We just trained a model that achieved 99% accuracy! That right there with the worlds best models, right? There's just one problem. It performs worse then guessing on any image it hasn't seen before. Not the most useful model, is it? This is an exmaple of **over-training** or **over-fitting**. We hyper-specalize our model to the point of uselessness. We say this even before we taught our model to memorize 100 images. In our model at the start of this notebook the cost function of the validation set began creeping up over time even as the cost function of the training set continued to fall. That's a clear sign that we began to over-fit our model.

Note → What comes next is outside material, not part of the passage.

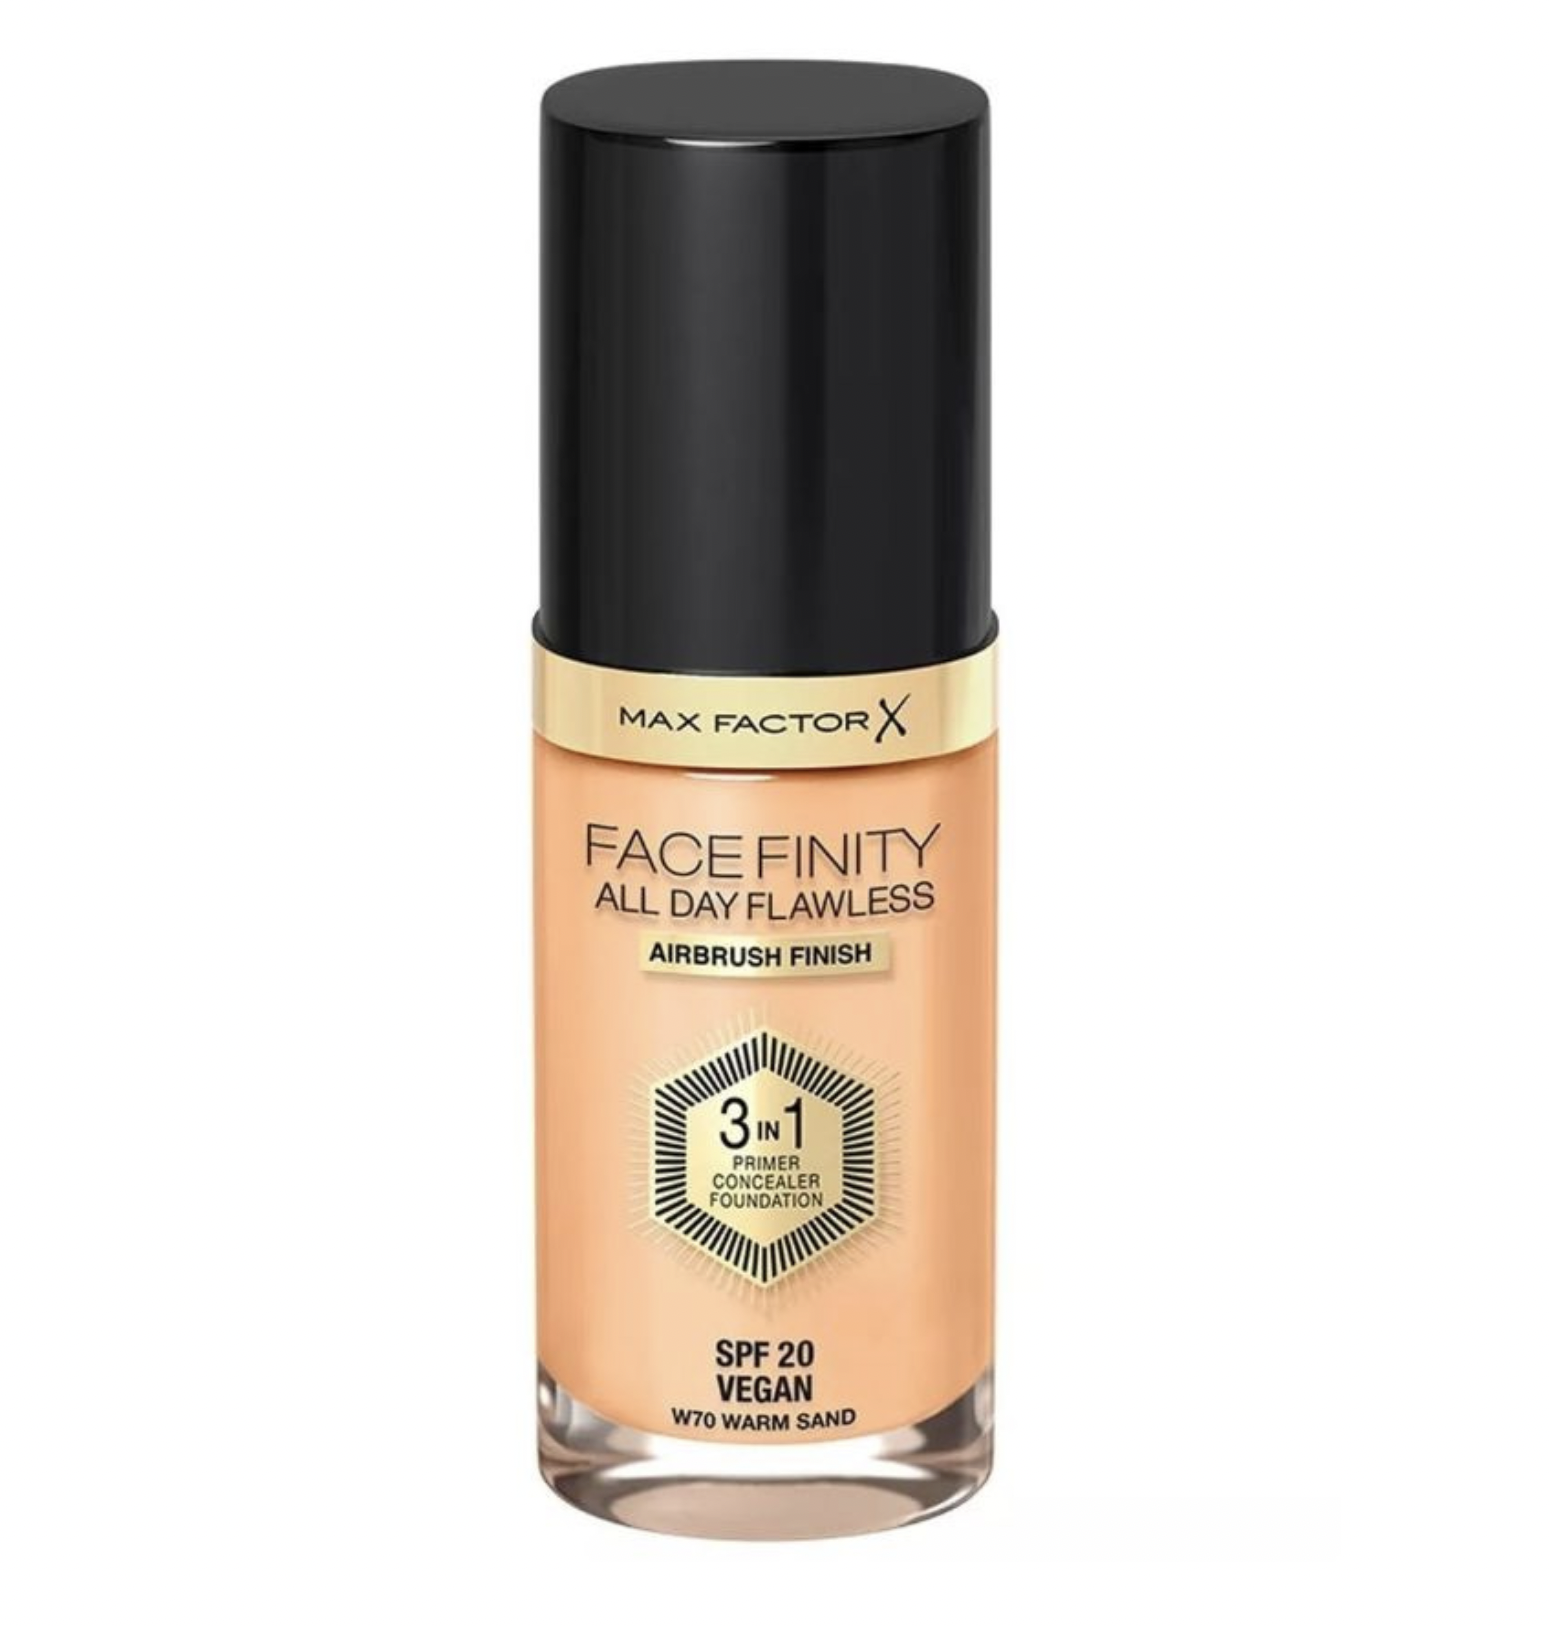    / Max Factor   Face Finity All Day Flawless 31  W70 Warm sand 30

# Universality of Neural Networks
In any machine learning model, the data used to train it is the *most* important component. [The Universal Approximation Theorem](https://towardsdatascience.com/neural-networks-and-the-universal-approximation-theorem-8a389a33d30a) guarantees that a neural network (with enough complexity) can be used to approximate *any* function, regardless of the number of inputs or outputs. Assuming of course, we have enough examples of the function to show the neural net.

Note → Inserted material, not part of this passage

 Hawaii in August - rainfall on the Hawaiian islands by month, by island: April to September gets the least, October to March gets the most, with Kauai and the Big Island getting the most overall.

The fact that you need data to train any useful model is, I would argue, one of the [dominent forces in the economy](https://www.economist.com/special-report/2020-02-22) (particularly in the tech sector). Any company that provides a free service on the internet (social media, Google, etc.) is probably in the buisness of collecting and using user data. This is often the driving force (or at least *a* driving force) behind decisions around availability of data through APIs. In the past year, [Twitter](https://www.theverge.com/2023/2/2/23582615/twitter-removing-free-api-developer-apps-price-announcement) and [Reddit](https://en.wikipedia.org/wiki/2023_Reddit_API_controversy) both made large changes to their API pricing structures. Reddit's CEO has [talked explicity](https://www.nytimes.com/2023/04/18/technology/reddit-ai-openai-google.html) about how the change is motivated by a desire to profit off of the data (post and comments on reddit) that is being used to train large language models like the one that underlies ChatGPT.

# Homework

Pick some situation where you encounter (or thing you encounter) some machine learning based model or algorithm. Suppose you were to design that algorithm:

1. What is the algorithm doing?
1. What is the cost function for the algorithm?
1. What data would you need to train this model? What are the inputs and outputs of the model?